- Born: 9 December 1977 (age 48) Guatemala City, Guatemala
- Disappeared: July 7, 2011 (aged 33) Guatemala City
- Status: Missing for 14 years, 10 months and 5 days
- Occupation: Housewife
- Spouse: Roberto Eduardo Barreda de Leon
- Children: 2

= Cristina Siekavizza =

Guatemalan murder victim

Cristina Siekavizza (born 9 December 1977) was a Guatemala City woman, a graduate in Business Administration and mother of two children, whose disappearance and possible murder by her husband early in July 2011 resulted in an extensive national news coverage focused on the connected issues of femicide and impunity.

Roberto Barreda (born 1976; deceased 6 August 2020, aged 44, in Guatemala City) was the main suspect in the disappearance and possible murder of his wife, Cristina Siekavizza. The crime would have occurred on July 6, 2011 and the trial was expected to take place in April 2020. However, the Covid-19 pandemic has prevented its realization. The trial was later cancelled given Barreda’s death on August 6, 2020 from Covid-19.

In this case, Ofelia de León, Barreda's mother and former president of the Supreme Court of Justice, is also accused. Investigator Óscar José Celada Cuevas and Javier Armando Mendizábal Ruiz are also implicated, whom the MP accuses of hiding information about the disappearance of Cristina Siekavizza.

==Investigations==
The case was originally thought to be a kidnapping, and private investigators were hired to solve the case. After several weeks passed without a call from the alleged kidnappers, the case was turned over to the Guatemalan police. As the police began to investigate, they found incriminating evidence (traces of blood in the house) against Siekavizza's husband, Roberto Barreda de León. A housekeeper testified that there had been a violent domestic quarrel the evening before the woman's disappearance and that she had seen her lifeless body lying in one of the rooms.
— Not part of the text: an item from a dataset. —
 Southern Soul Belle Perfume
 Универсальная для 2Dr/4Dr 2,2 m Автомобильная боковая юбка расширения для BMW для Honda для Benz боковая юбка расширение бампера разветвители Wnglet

==Prosecution of the husband==
In early August, before the housekeeper could even testify and while the search for Cristina Siekavizza was still going on, Roberto Barreda suddenly disappeared with the family's two children, Roberto José (age 7) and Maria Mercedes (age 4). An international warrant was issued for his arrest. In the meantime, three people were arrested on the suspicion of having aided the husband in removing the traces of the crime. On 21 October 2011, Barreda's mother, Beatriz Ofelia de León, ex-magistrate of the Supreme Court of Guatemala, was arrested for corruption of justice in the Siekavizza case. Barreda was finally caught in Mérida, Yucatán (Mexico) and extradited on 8 November 2013. Guatemalan authorities credited the Facebook group "Voces por Cristina," which had approximately 25,000 followers helping to track Barreda, with providing the tip about his location; he was reportedly traced via his mobile phone's GPS signal. Since then, his lawyers had consistently attempted to obstruct the course of justice, so that seven years after Siekavizza's disappearance, the process was still to begin, with the husband remaining in custody. In August 2020 it was announced that Barreda had died due to contracting COVID-19 in the Hospital General San Juan de Dios in Guatemala City.

==Public protests against femicide==
Siekavizza's disappearance, and possible murder, have moved Guatemalans to demand justice against a growing epidemic of femicide happening in their country. Siekavizza's family has organized marches throughout Guatemala City (Obelisco, Avenida Las Américas, carretera an El Salvador and Vista Hermosa) to support victims of domestic violence. Cristina Siekavizza's case has dominated the Guatemalan press since news of her disappearance went public.

In July 2024, on the 13th anniversary of her disappearance, the Guatemalan human rights organization Fundación Sobrevivientes held a tribute to Cristina Siekavizza, naming one of its rooms in her honour. Cristina's parents and her two children attended the ceremony. The case remains open, with the Public Ministry continuing to search for her remains. The director of Fundación Sobrevivientes, Norma Cruz, noted that the case still awaits results despite the special prosecutor's office remaining active.